======== Input data

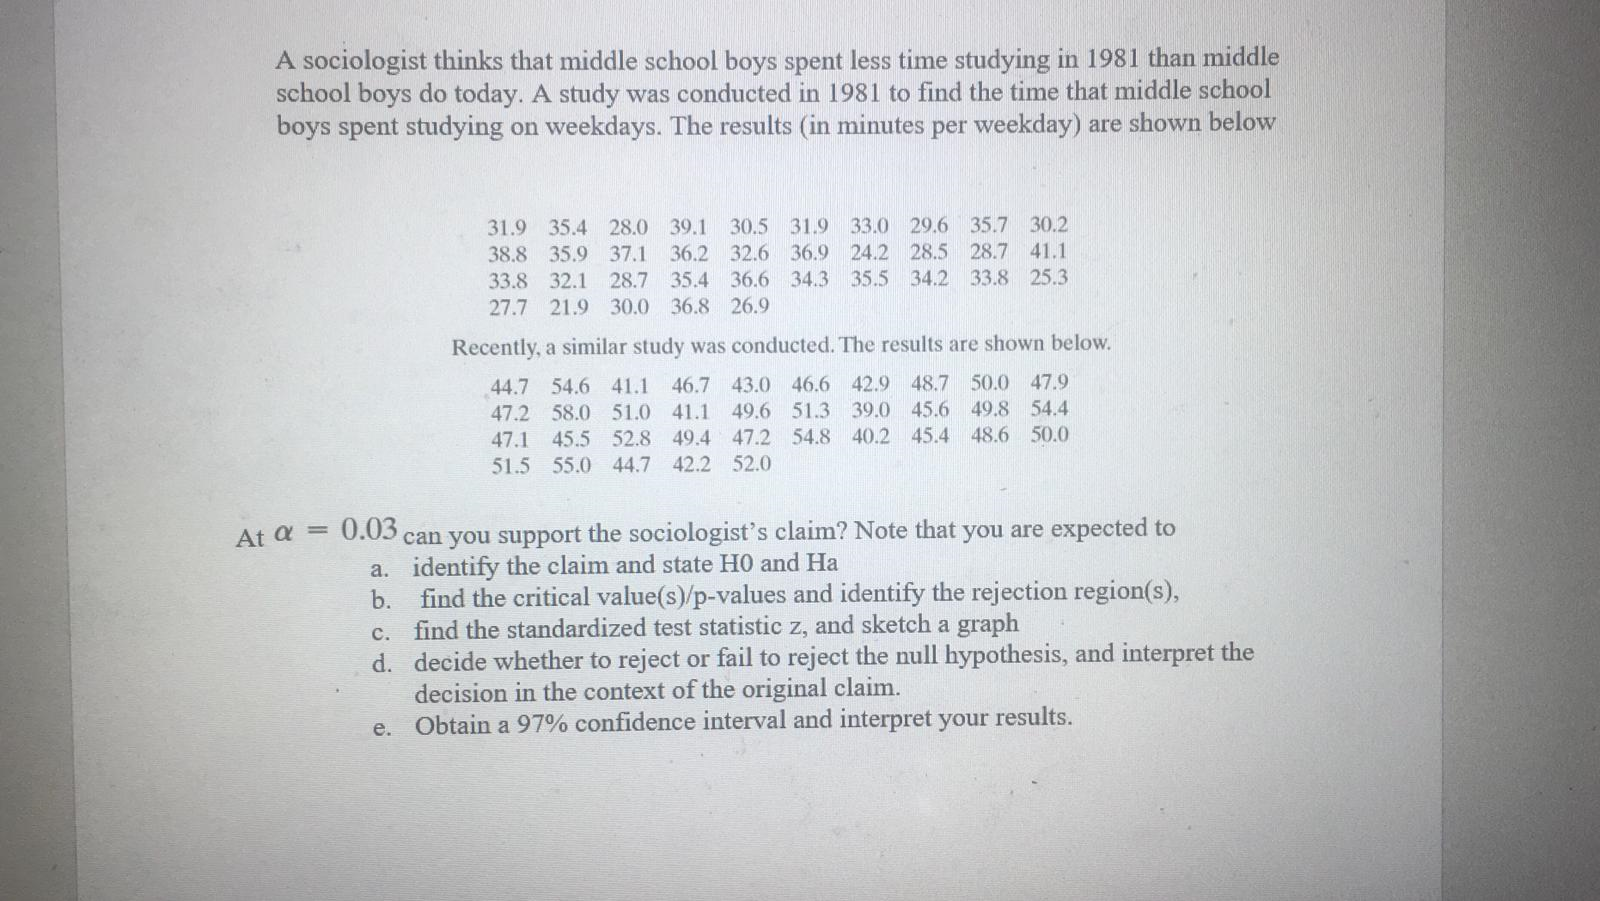 A sociologist thinks that middle school boys spent less time studying in 1981 than middle
school boys do today. A study was conducted in 1981 to find the time that middle school
boys spent studying on weekdays. The results (in minutes per weekday) are shown below

================

■ Task instructions: Output the whole listing again, exactly, without its pictures.

■ Exercise solution:
 A sociologist thinks that middle school boys spent less time studying in 1981 than middle
school boys do today. A study was conducted in 1981 to find the time that middle school
boys spent studying on weekdays. The results (in minutes per weekday) are shown below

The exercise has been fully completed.